Der Einwand trifft. Er trifft nur nicht das Problem.
Denn Menschenführung wirkt auf die elf, die auf dem Platz stehen. Sie wirkt nicht auf das Nachwuchssystem, aus dem in einem Jahrzehnt keine Weltklasse mehr nachgewachsen ist. Gary Lineker nannte die DFB-Elf „eine der schwächsten deutschen Nationalmannschaften, die ich je gesehen habe". Man kann das für Häme halten. Man kann auch nachzählen: Wie viele Spieler des aktuellen Kaders wären in einer europäischen Spitzenmannschaft gesetzt? Das ist keine rhetorische Frage. Es ist die Frage, die der Trainerdebatte zugrunde liegt und die sie zugleich übertönt.
Hier trennt sich, was oft in einem Atemzug genannt wird. Effizienz heißt im Fußball: Führt der Weg zum sportlichen Ergebnis? Ein Bundestrainer kann eine vorhandene Mannschaft besser oder schlechter einstellen — sein Hebel liegt bei vielleicht fünf, zehn Prozent Leistungsunterschied über ein Turnier. Er kann nicht herbeicoachen, was das System nicht produziert. Klopps Gegenpressing lebte in Dortmund und Liverpool von Spielern mit außergewöhnlicher individueller Klasse und Laufleistung. Diese Substanz stellt kein Trainer her; sie kommt aus Vereinen, Akademien, Talentförderung — aus genau der Struktur, die Klopp reformieren will und als Bundestrainer nicht kontrolliert.
Und dann ist da die zweite Achse, die der DFB gern übersieht: Demokratie im schlichten Sinn öffentlicher Rechenschaft. Der DFB ist kein Privatunternehmen. Er verwaltet einen Sport, der Millionen gehört, finanziert sich über Verbandsstrukturen bis in die Kreisliga, trägt eine öffentliche Rolle. Wenn ein solcher Akteur nach einem Fehlschlag reflexhaft den bekanntesten Namen ruft, statt öffentlich zu erklären, warum drei Turniere in Folge misslungen sind, dann ersetzt er Analyse durch Beruhigung. Präsident Bernd Neuendorf hat immerhin angekündigt, die Gründe „gemeinsam und in Ruhe" zu prüfen. Der Terminkalender erzählt anderes: Neuendorf und Vize Aki Watzke planen die Reise in die USA, um mit Klopp zu sprechen. Erst die Lösung, dann die Analyse. Das ist die Reihenfolge des Wunschdenkens.

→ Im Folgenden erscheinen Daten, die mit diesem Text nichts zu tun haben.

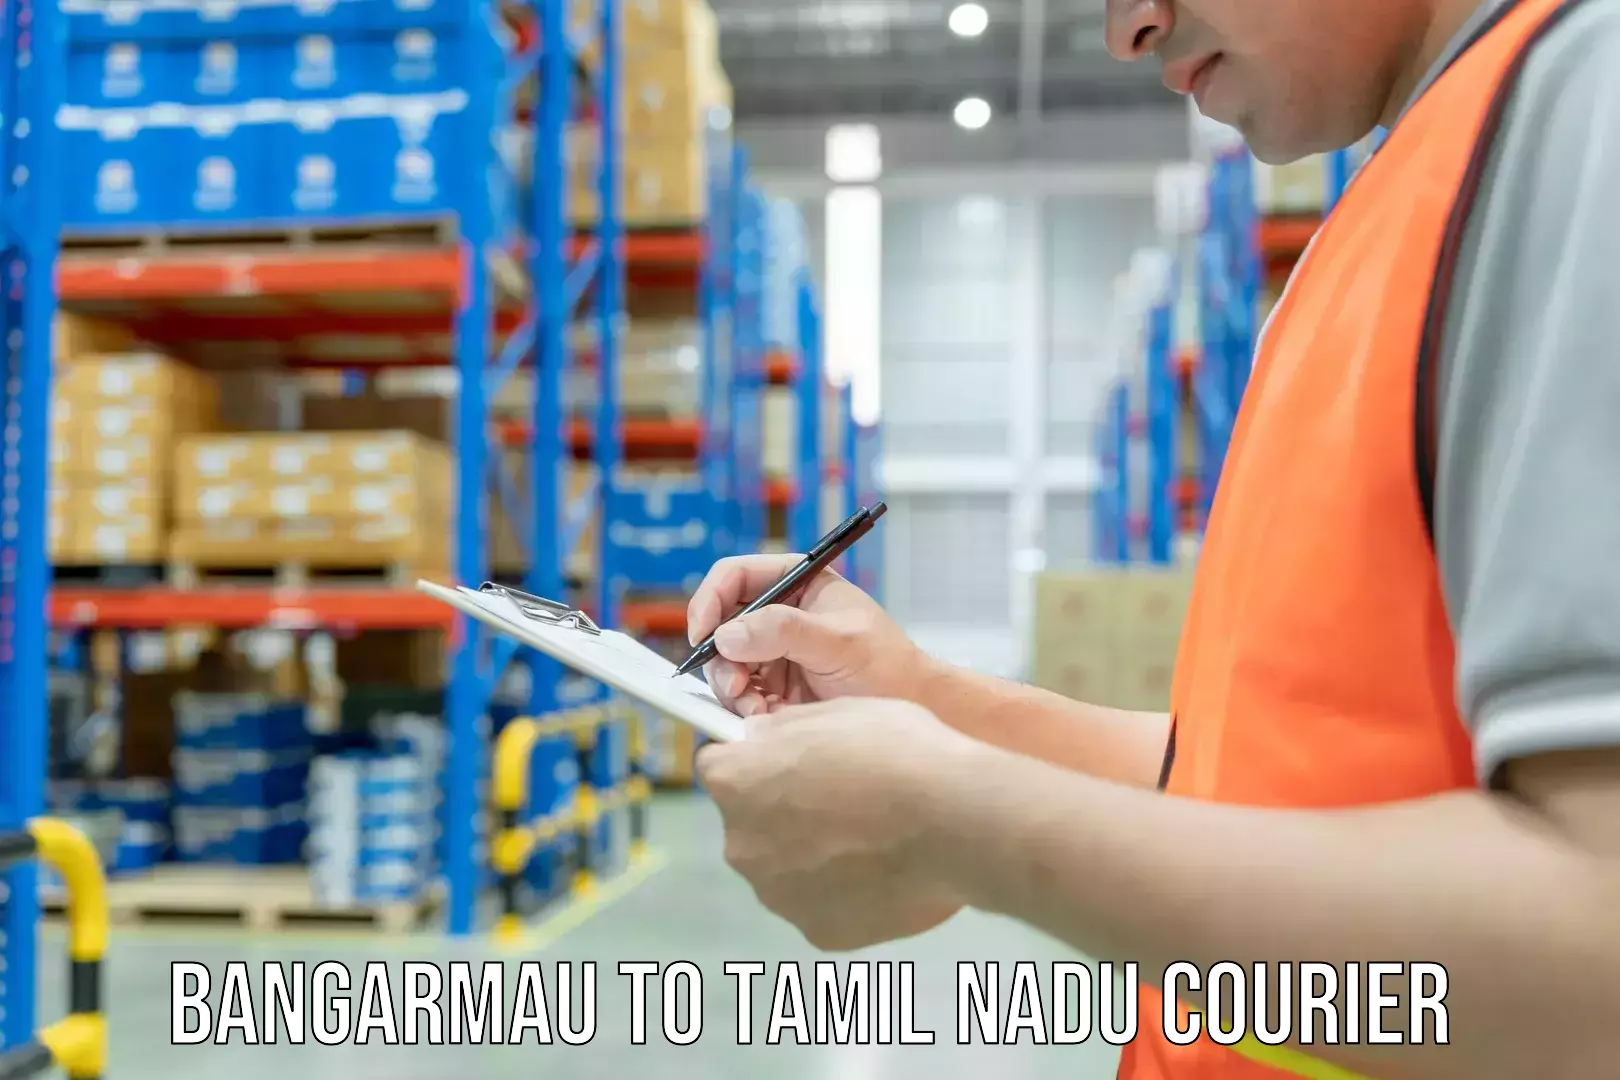 Package delivery network Bangarmau to Tamil Nadu

Es kommt eine Ablösesumme hinzu — Klopp steht bis 2029 bei Red Bull als Head of Global Soccer unter Vertrag, ohne bekannte Ausstiegsklausel, und Berichte sprechen von einem historisch hohen Gehalt. Ein Verband, der Struktur predigt und dann sein Budget in eine einzige Personalie schießt, entscheidet gegen das eigene Argument.
Man kann einwenden: Klinsmann kam 2004 als externer Erneuerer, und was 2006 folgte, war ein Kulturwandel, nicht bloß ein Trainerwechsel. Stimmt. Aber Klinsmann kam mit dem ausdrücklichen Mandat, die Strukturen umzubauen, und er bekam es. Genau das ist der Punkt. Nicht der Name Klopp ist das Problem, sondern die Frage, ob der DFB ihm die Reform überträgt, die er fordert — oder ob er ihn als Gesicht kauft und die U10 lässt, wie sie ist.

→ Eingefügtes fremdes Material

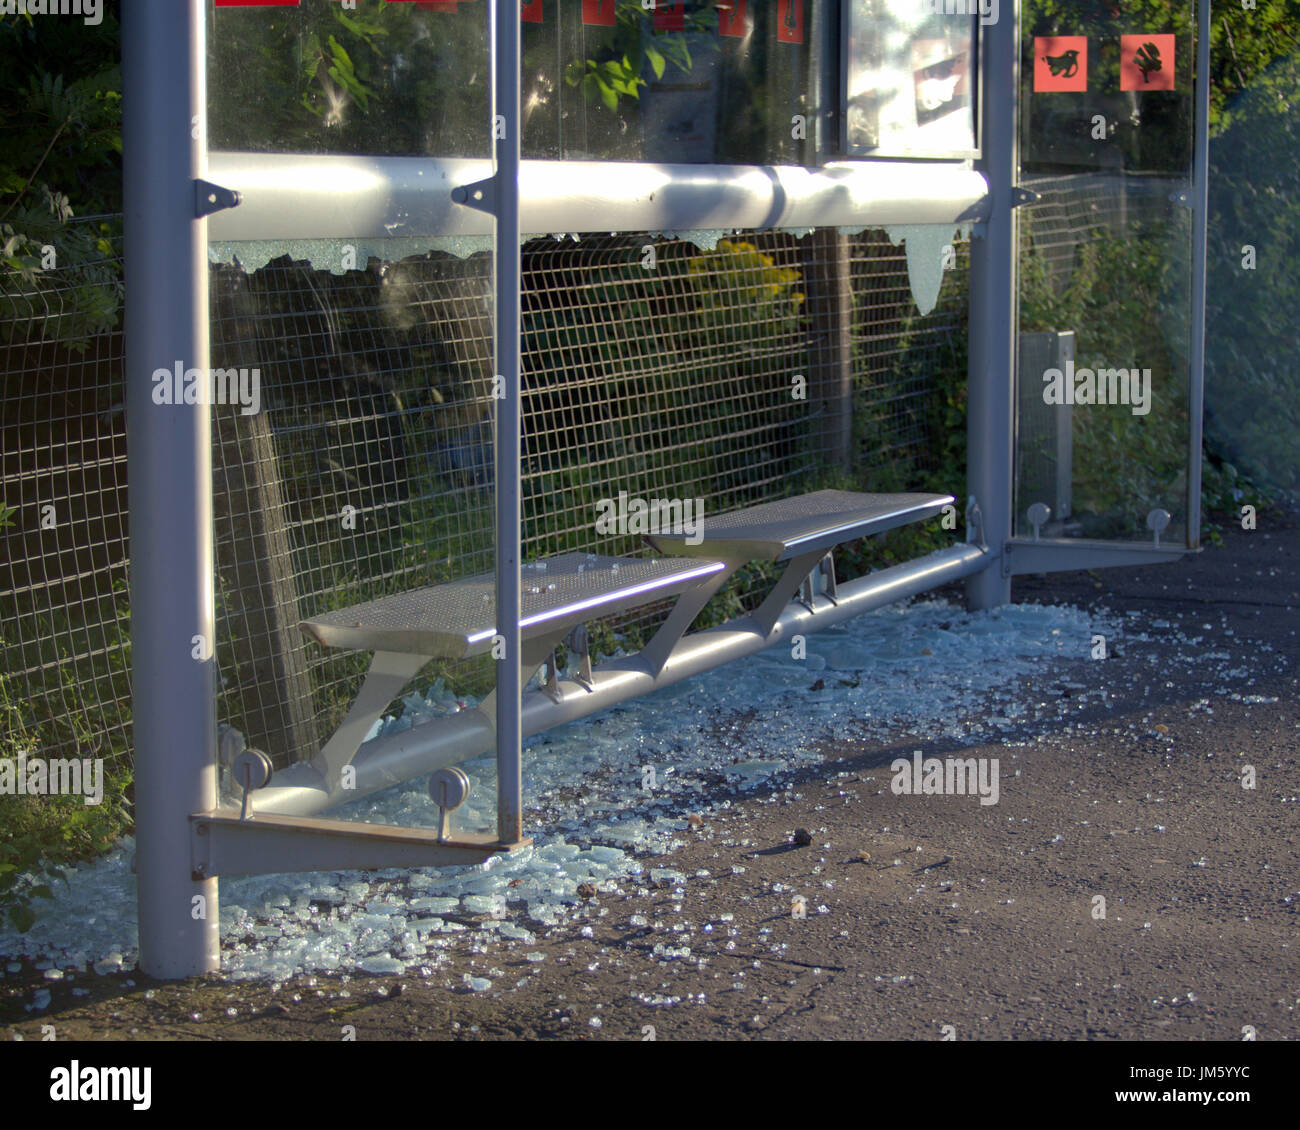 Il bus shelter vandalizzato soggetto ad atti vandalici con rotte fracassato finestra in vetro Foto Stock

Was diese These widerlegen würde: Wenn Klopp mit weitreichender Kompetenz über den Nachwuchsbereich hinaus käme, mit einem Mandat, das den Bundestrainerposten sprengt — dann wäre er nicht der Retter, sondern der Reformer, und die Kritik hier fiele in sich zusammen. Genau darauf sollte man achten, wenn die Verträge bekannt werden. Reden alle nur über Aufstellung und Ablöse, ist die Chance vertan, bevor das erste Spiel angepfiffen ist.
Der DFB darf Klopp holen. Er sollte nur wissen, was er dann getan hat: nicht das Problem gelöst, sondern es an den prominentesten Kopf delegiert, den er finden konnte.